All experiments were performed in triplicates and standard deviation was calculated The addition of surfactants significantly increased lipase activity. SDS was the most effective surfactant, enhancing enzyme activity the most, followed by Tween-80. The activity increased by 47% and 129% with Triton X-100 and Tween-80, respectively. However, a decrease in activity by approximately 26.5% was observed with Tween-20. Strong anionic detergents like SDS and SLS doubled the enzyme activity compared to the control.
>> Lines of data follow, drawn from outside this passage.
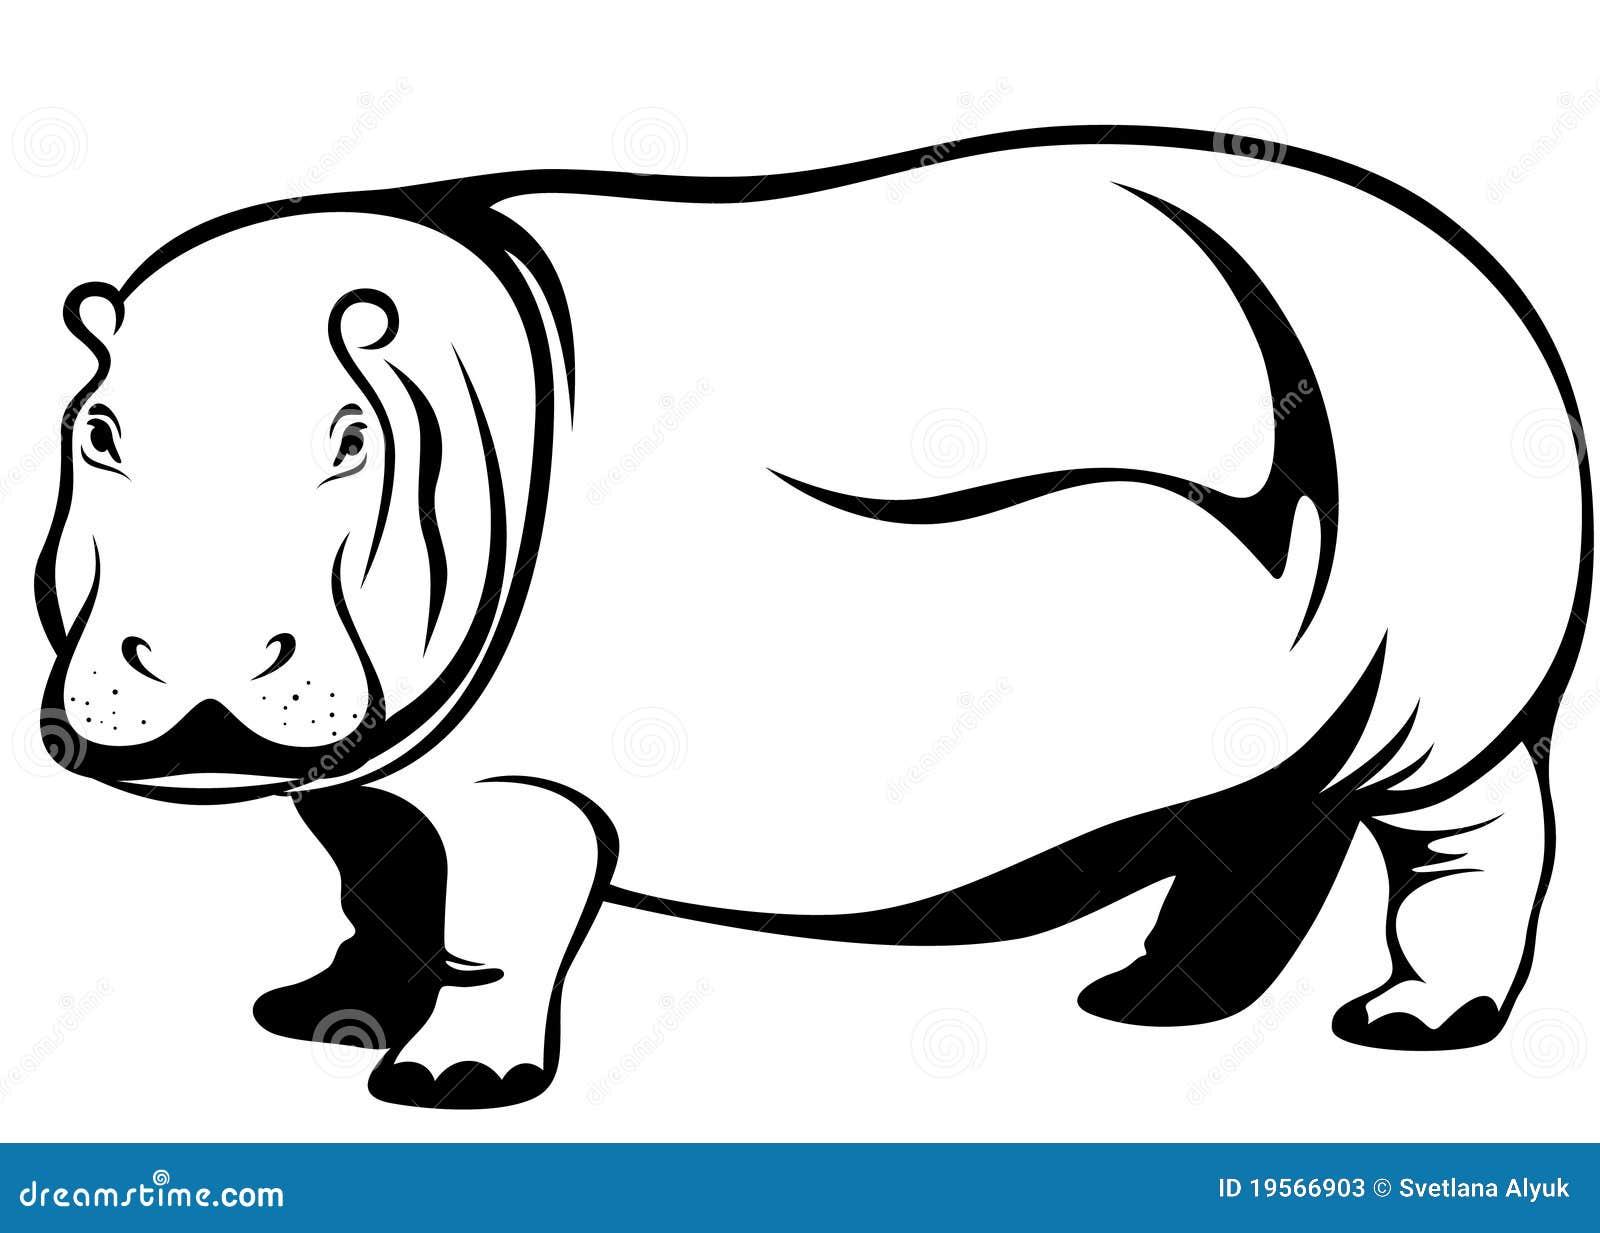 Cute hippopotamus illustration - black and white outline Hippopotamus Black And White
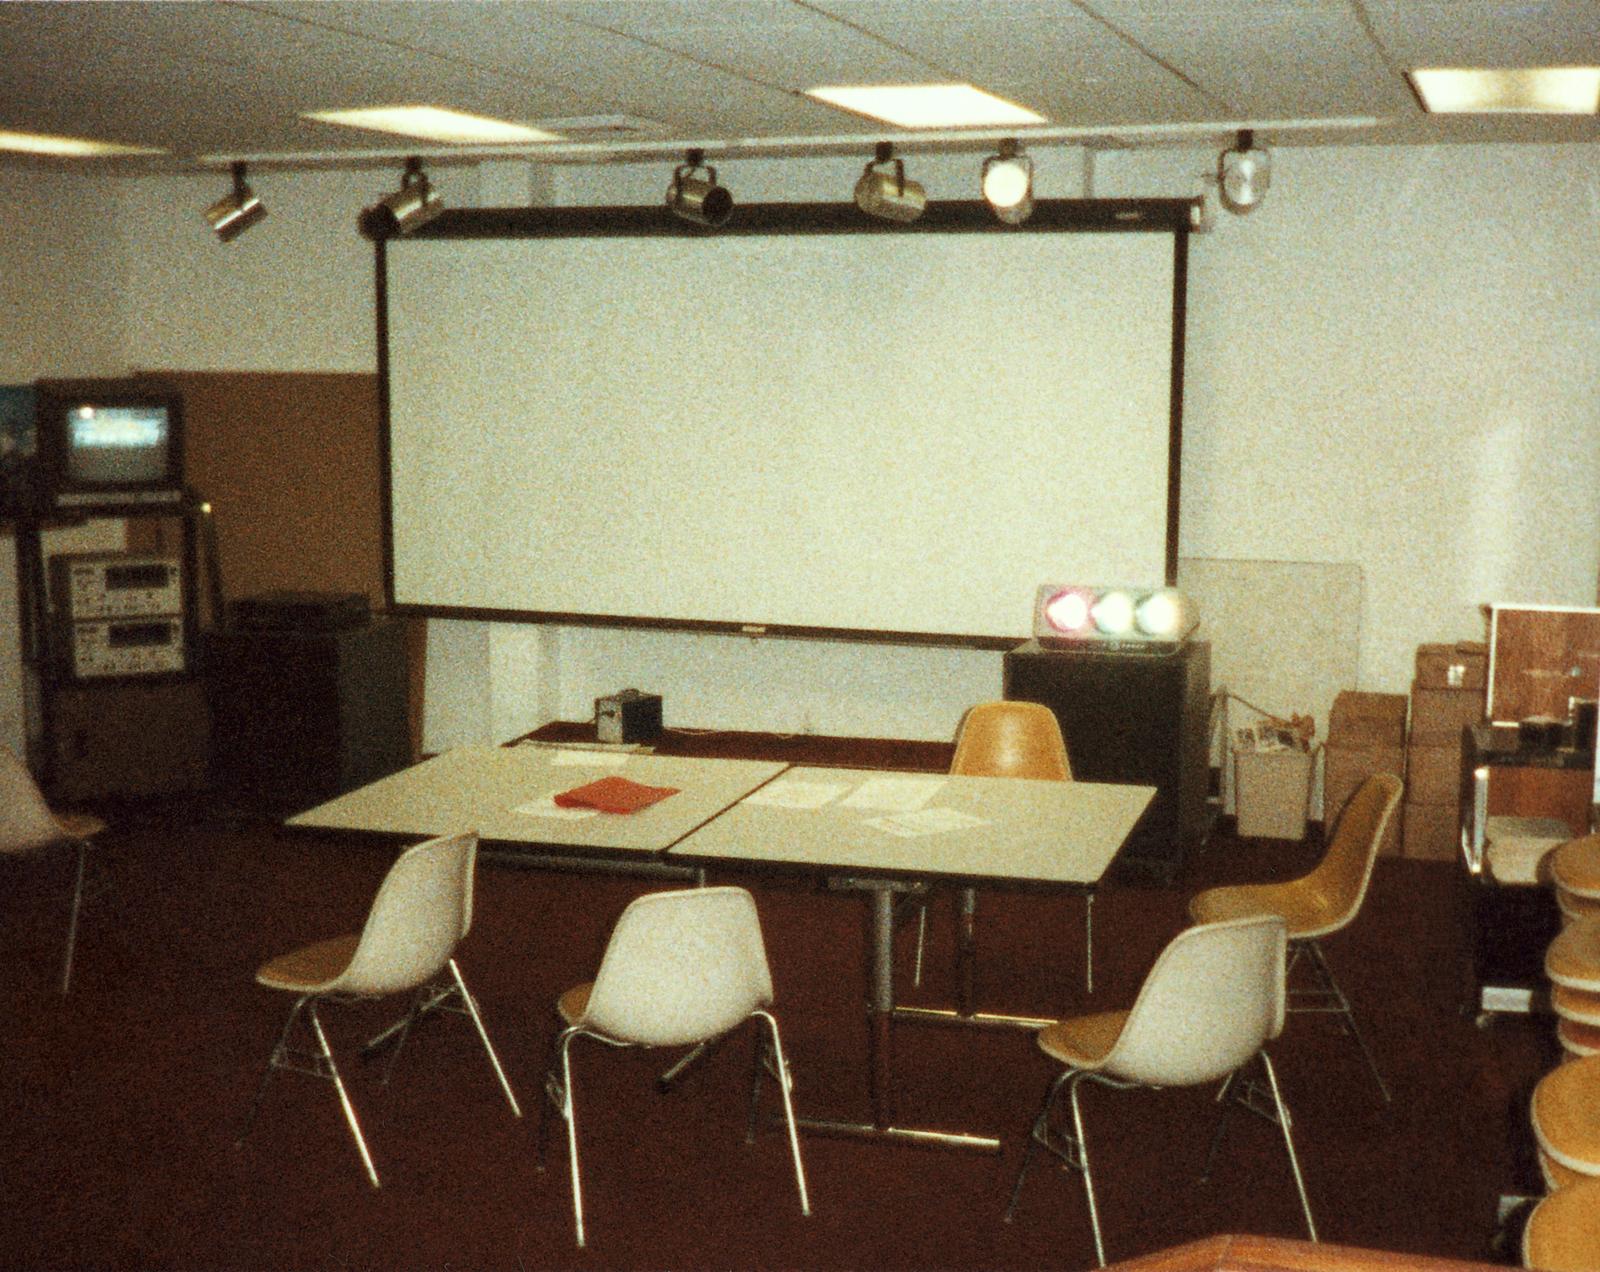 Libreville - Annex Office Building - 1986
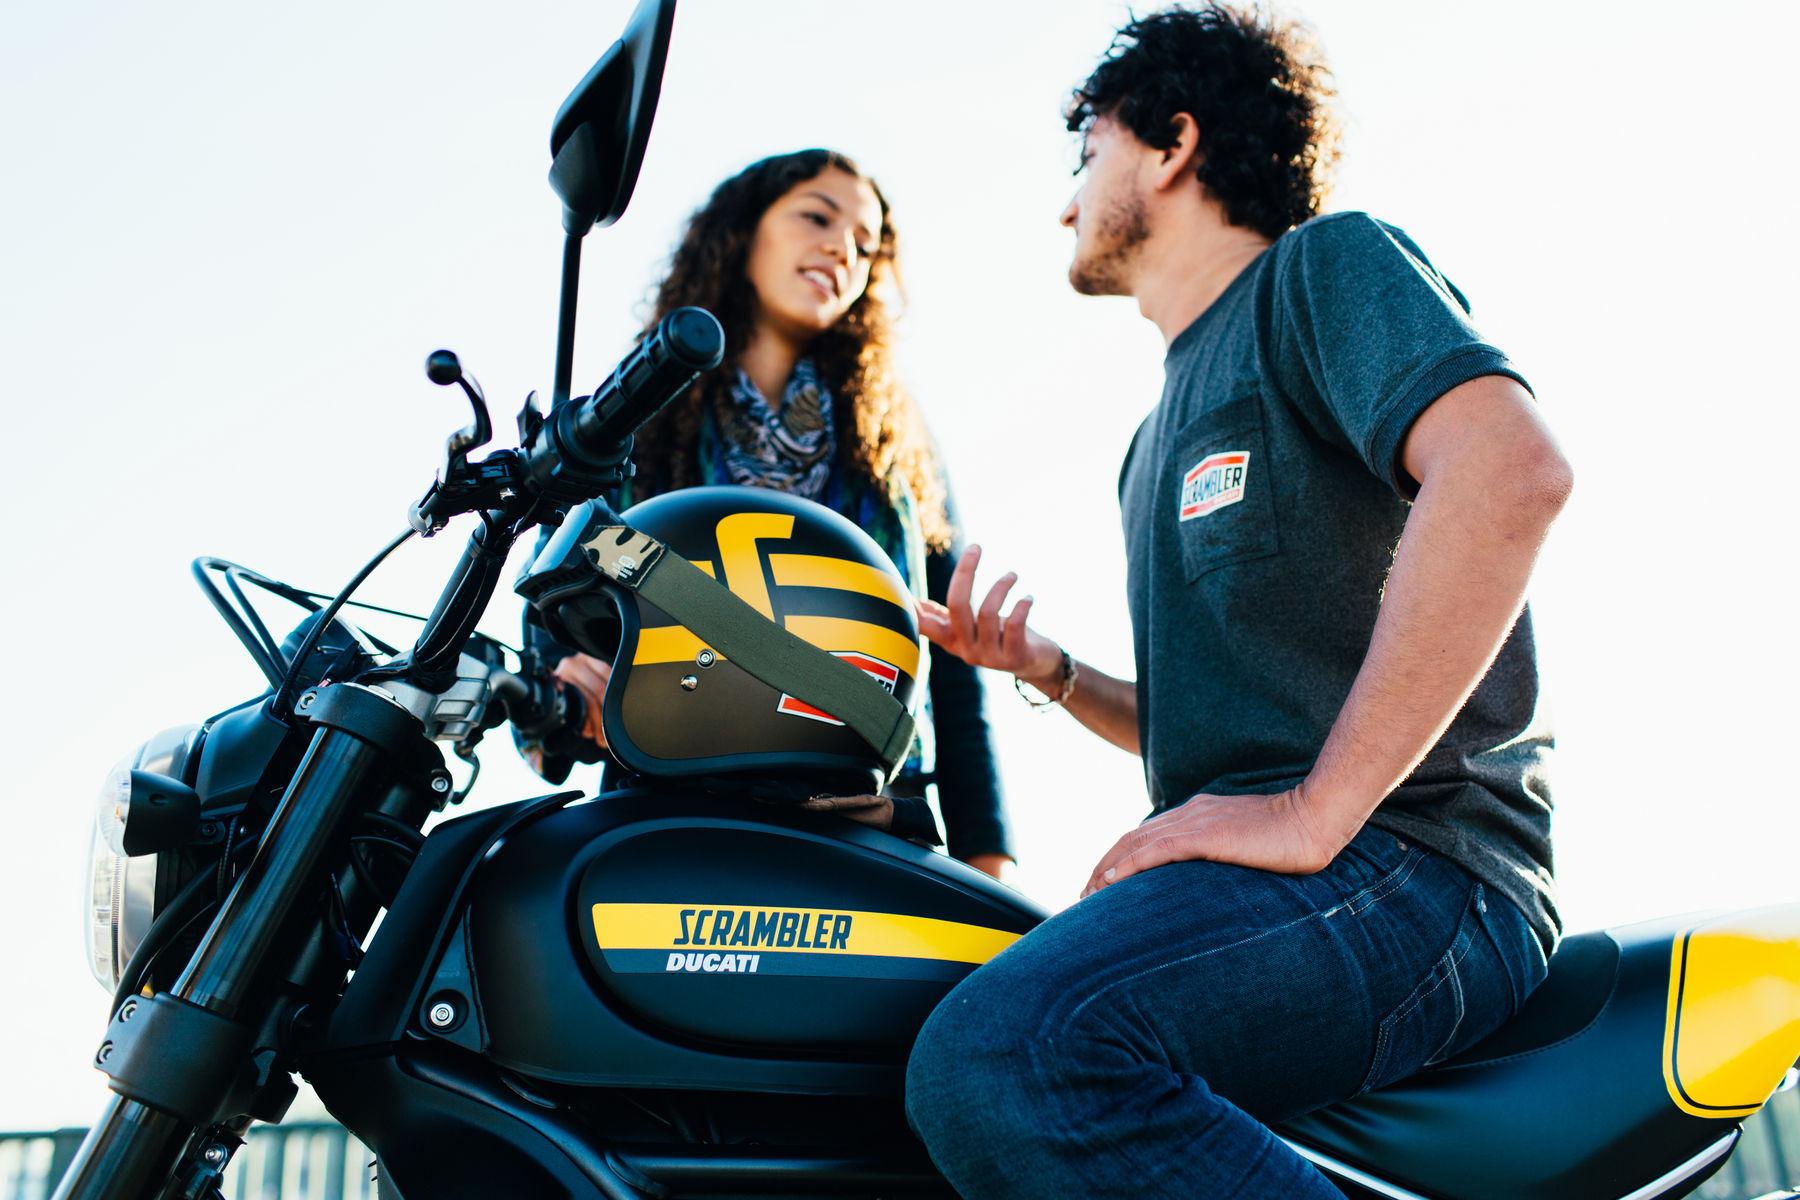 2015 Ducati Scrambler Full Throttle | Ducati Scrambler - Pre-ride Talk
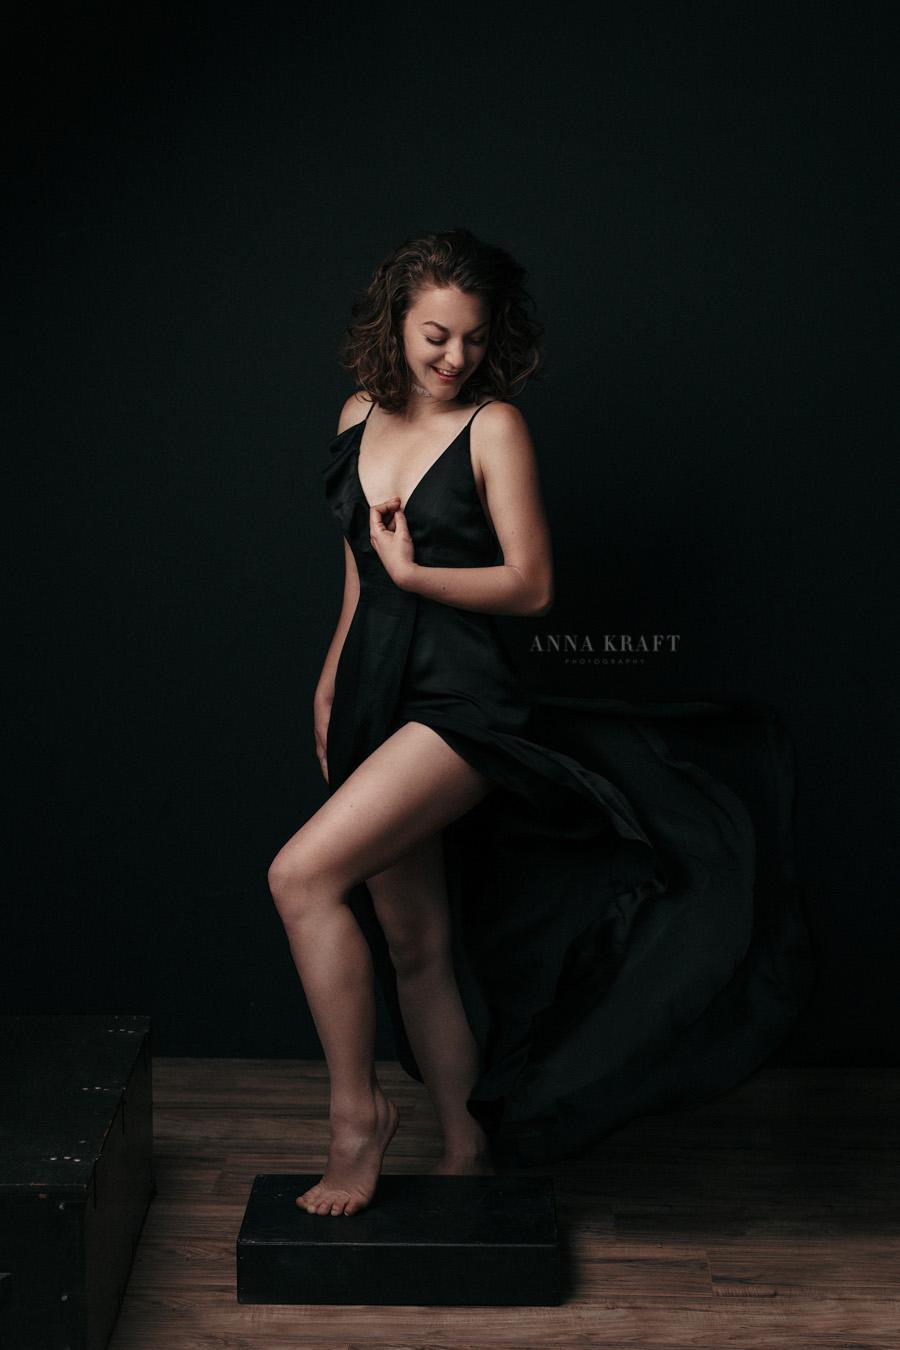 anna_kraft_photography_georgetown_square_studio_family_portrait-27.jpg

Figure 6. Effect of inhibitors and metal ions on the enzyme activity of B. safensis TKW3.

(A) Effect of inhibitors; (B) effect of metal ions. All experiments were performed in triplicates and standard deviation was calculated Effect of inhibitors on lipase activity. Lipase activity was assayed after incubation with various inhibitors at concentrations of 2 and 5 mM. ß-mercaptoethanol drastically reduced activity, while DTT showed a significant decrease. EDTA exhibited a notable increase in activity at both concentrations. Panel (B) shows the impact of metal ions on lipase activity. Various monovalent and divalent cations were tested for their effect on lipase activity. Cu²⁺ showed a substantial reduction in activity compared to other metal ions, resulting in a 74% decrease in enzyme activity.

Figure 7. Substrate specificity of B. safensis TKW3.

All experiments were performed in triplicates and standard deviation was calculated Various p-NPEs with acyl chains of different lengths (C2 to C14) were tested to assess substrate preference. Short-chain fatty acids exhibited minimal activity, resulting in 18% relative initial activity. However, the initial hydrolysis of C4 to C6 fatty acid esters reached approximately 87%.

Figure 8. Detergent compatibility of B. safensis TKW3.

(A) All experiments were performed in triplicates and standard deviation was calculated. The compatibility of B. safensis TKW3 lipase with various commercial laundry detergents at different temperatures was checked. Lipase activity without detergent was set as 100%. Surf Excel exhibited the highest activity across a wide temperature range (5 °C to 45 °C), with peak activity at 30 °C. Tide maintained over 90% activity at all temperatures except at 30 °C where it showed an 11% enhancement. Ariel exhibited compatibility at lower temperatures but showed decreased activity at higher temperatures. (B) Washing performance of B. safensis TKW3 lipase on oil-stained cloth pieces: (a) cloth washed with distilled water (control), (b) cloth stained with vegetable oil washed with distilled water and detergent, (c) cloth stained with vegetable oil washed with distilled water, purified lipase & detergent.